Fig. 2. — H&E stained sections from patients with CAC. Bright-field photomicrographs from a colon section displaying quiescent epithelium at (A) 100× magnification and (B) 200× magnification showing elongated and branched crypts typical of reparative processes after inflammation; HGD at (C) 100× and (D) 200× magnification; and CA at (E) 40× and (F) 100× magnification. In HGD, note the increased size and disorder of the nuclei (D, indicated by arrows) as well as a general disorder compared with quiescent epithelium. In CA, note as well the invasive pseudocrypts that extend beyond the mucosal membrane (E, indicated by arrows).

Results

mRNA Expression of Truncated TACR1 Is Increased Between High-Grade Dysplasia and Carcinoma Groups.
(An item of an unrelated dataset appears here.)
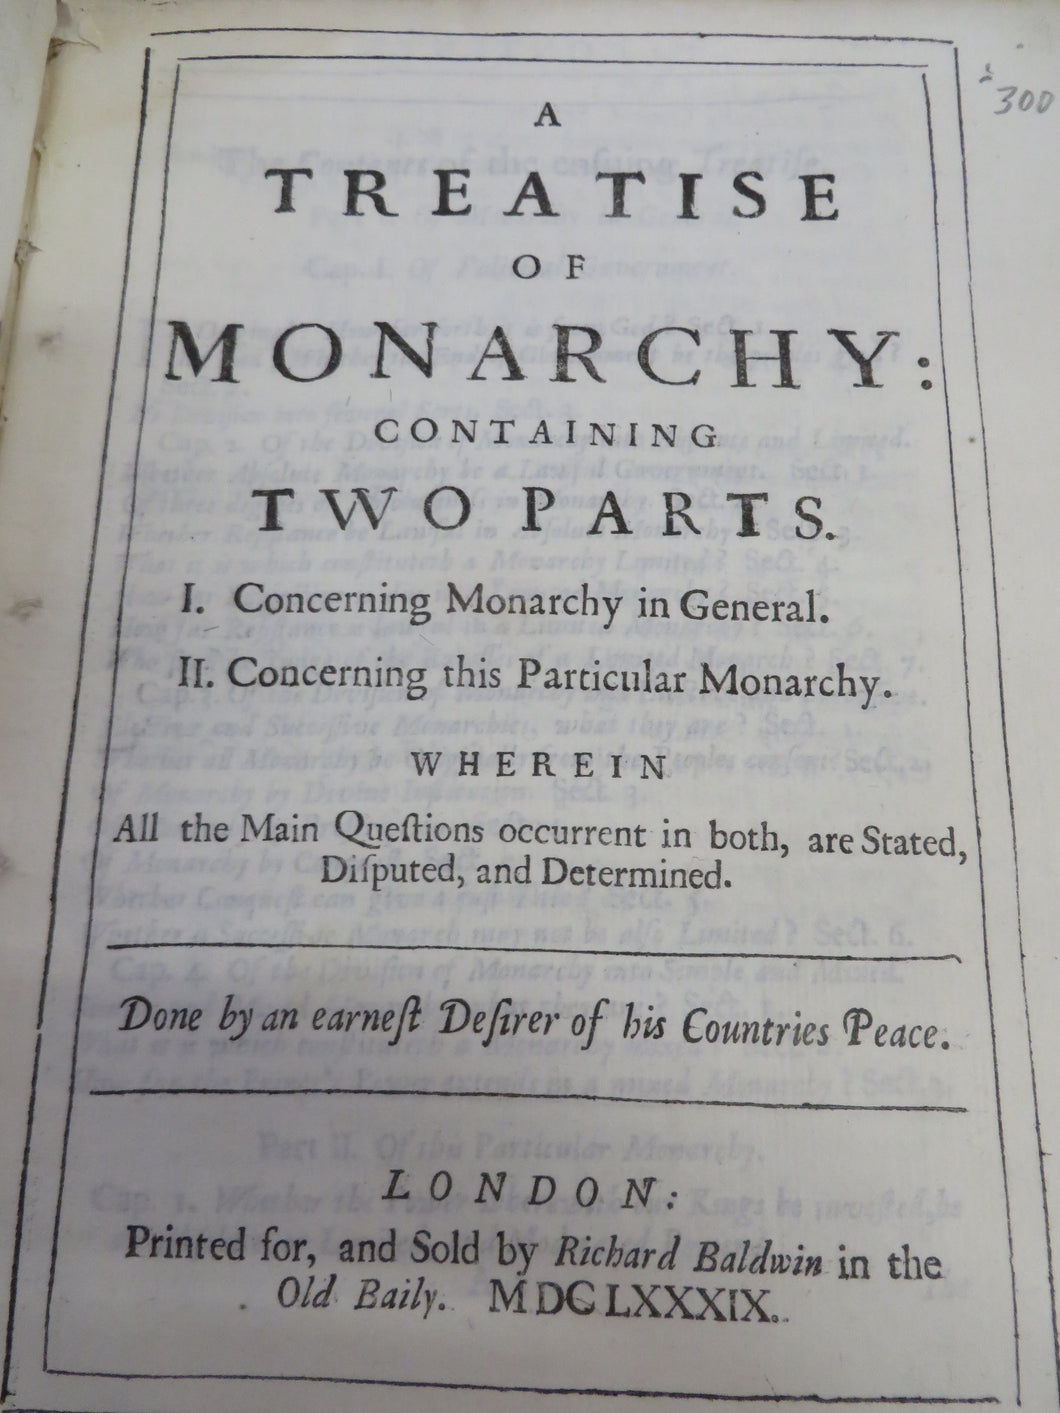 A Treatise of Monarchy: Containing Two Parts. 1. Concerning Monarchy in General. II. Concerning this Particular Monarchy. Wherein All the Main Questions occurrent in both, are Stated, Disputed, and Determined

The mRNA expression of tr-TACR1 transcript is increased 14-fold (P = 0.02) when comparing the high-grade dysplasia (HGD) and CA groups (Fig. 3A). No significant differences were observed when comparing the two neoplastic groups to epithelium that was not dysplastic or cancerous but did contain evidence of prior inflammation (quiescent colitis, QC). In comparison, the fl-TACR1 transcript showed no significant differences among the groups (Fig. 3B; QC vs. CA, P = 0.30; QC vs. HGD, P = 0.23; HGD vs. CA, P = 0.49). The gene for the TACR1 ligand SP (TAC1) was also measured on the array, but no amplification was observed. Other negative results are included in Table S1.

Protein Levels of Truncated NK-1R Are Increased in High-Grade Dysplasia and Carcinoma.

Two antibodies that bind NK-1R were used in this analysis; one binds the second extracellular loop and can therefore bind both receptor isoforms, and the other binds the cytoplasmic C-terminal tail and can bind only fl-NK-1R. The antibody that binds the second extracellular loop showed an increase in immunofluorescence among groups (P = 0.002). Multiple mean comparisons show that the protein levels of total NK-1R are increased by 40% (P = 0.02) in HGD and by 80% (P = 0.0007) in CA compared with QC (Fig. 4). The antibody that binds the C-terminal epitope showed no change in immunofluorescence among groups (Fig. 5), indicating no change in the protein levels of fl-NK-1R. We therefore conclude that the increase in total NK-1R protein in HGD and CA is attributable to an increase in tr-NK-1R. To further clarify these data, ratios were calculated from the total and full-length NK-1R immunofluorescent signals (Fig. 6; n = 11 QC, n = 10 HGD, n = 9 CA), which show a 60% increase from QC to HGD (P = 0.025) and a 150% increase from QC to CA (P = 0.001). This finding clearly demonstrates a significant increase in tr-NK-1R as epithelia transition to malignancy.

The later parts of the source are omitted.